I'll definitely watch then, thank you. As a sidenote, I think that the TNG I watched has remastered CGI. I remember remarking how good the CGI looked for the 90s, and realized/heard later than they redid all the CGI. The new CGI was definitely not out of place, if not fairly good, but I'm not entirely sure that what I'm saying is true. Just mentioning it in case you wanted to look into it.
I saw the originals when they were first broadcast, and have since seen the remasters. The latter definitely improve on the look of the series, but incrementally, and they also suffer from some of the same problem that led the makers of Generations to underlight scenes on, and finally blow up, the Enterprise-D: while TNG's space effects were on par with movies of their time, its sets and props were decidedly not, having been designed with the understanding that SD TV quality would hide a lot of imperfections that would be visible otherwise. Beside that, the pillarboxing necessary to render 4:3 content on a 16:9 display feels really obtrusive these days, or so at least I've come to find it since 16:9 became the standard.
The thing about B5 is that few of its space scenes involve much compositing, since they were all CGI from the start and compositing was hard back then. For that reason, I think a space-effects redo would be unusually feasible for that show, albeit still too expensive for anyone to actually do one.

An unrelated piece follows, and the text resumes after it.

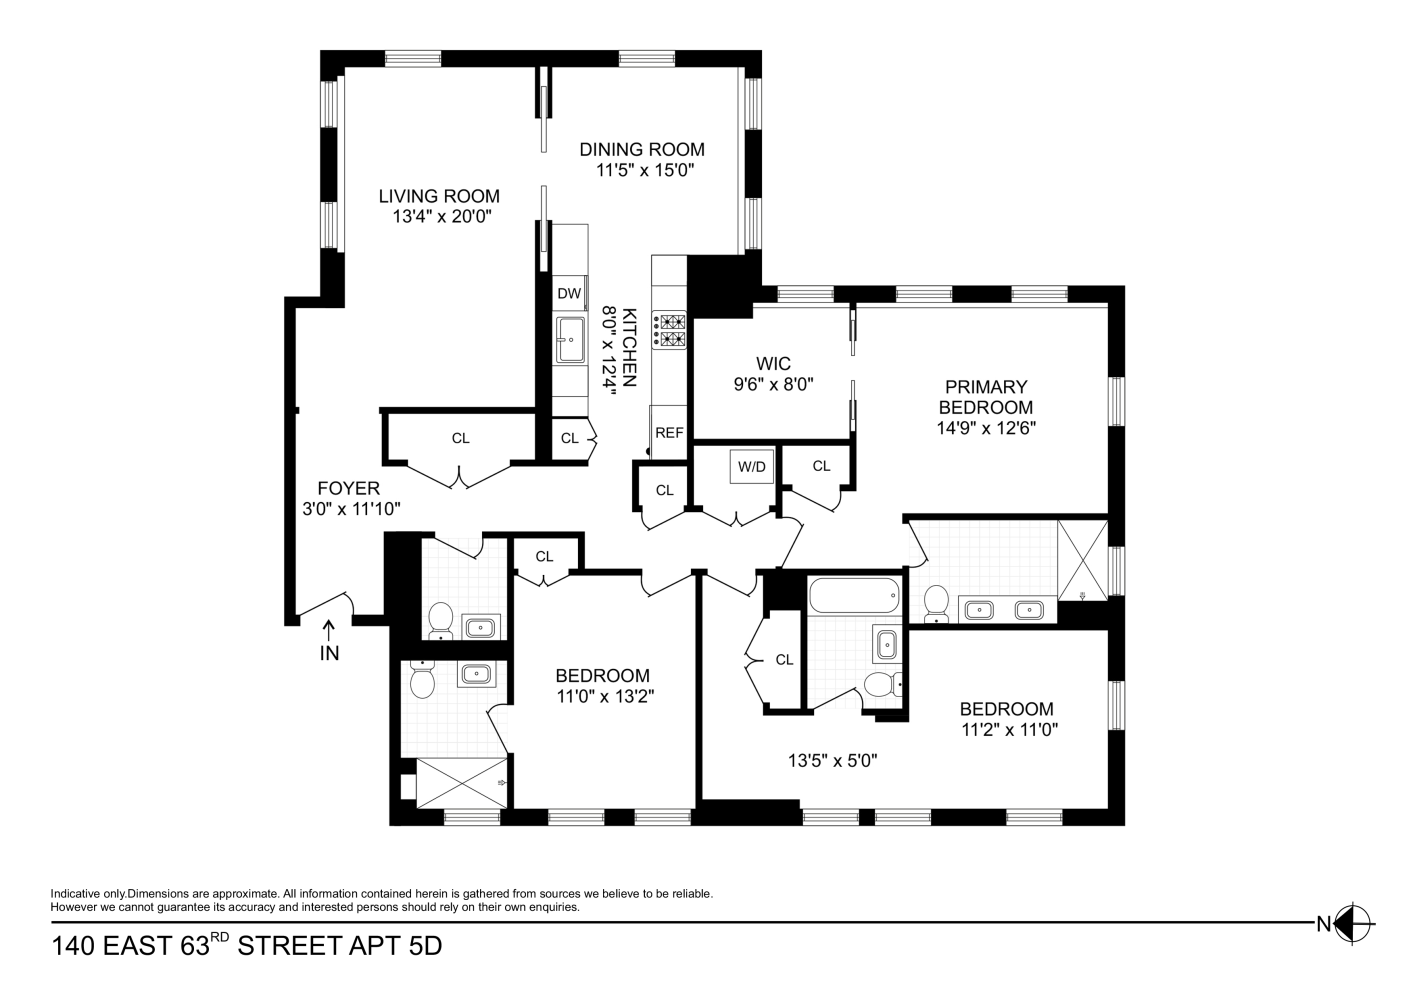 Floorplan for 140 East 63rd Street, 5DG

A harder, if smaller, remastering issue would be that they shot practical effects on video and special effects on film, largely due to that being the cheapest option for both. In standard definition you can't really see the difference, but watching the show today you definitely do.
TMK very little of its effects are strictly new: almost all are digitally re-composited, color-corrected and slightly enhanced high-resolution scans of the original film footage (which used physical models and optical effects), since they were still available. IIRC, planets - as seen from space - are a notable exception (and better for it). It was a major remastering process, with beautiful results. (Although major, remastering cost less (for the whole series) than a single episode of the (IMO) abomination called "Discovery".)
Sadly, such an approach is impossible for the majority parts of the latter series (DS9, VOY) since their effects were mostly CGI, and rendered directly to standard definition video. Further more, many of the 3D models and scenes have been lost, so it would probably require a total effects re-do from scratch (on top of film stock scans), which is "a very costly proposition with questionable (financial) returns".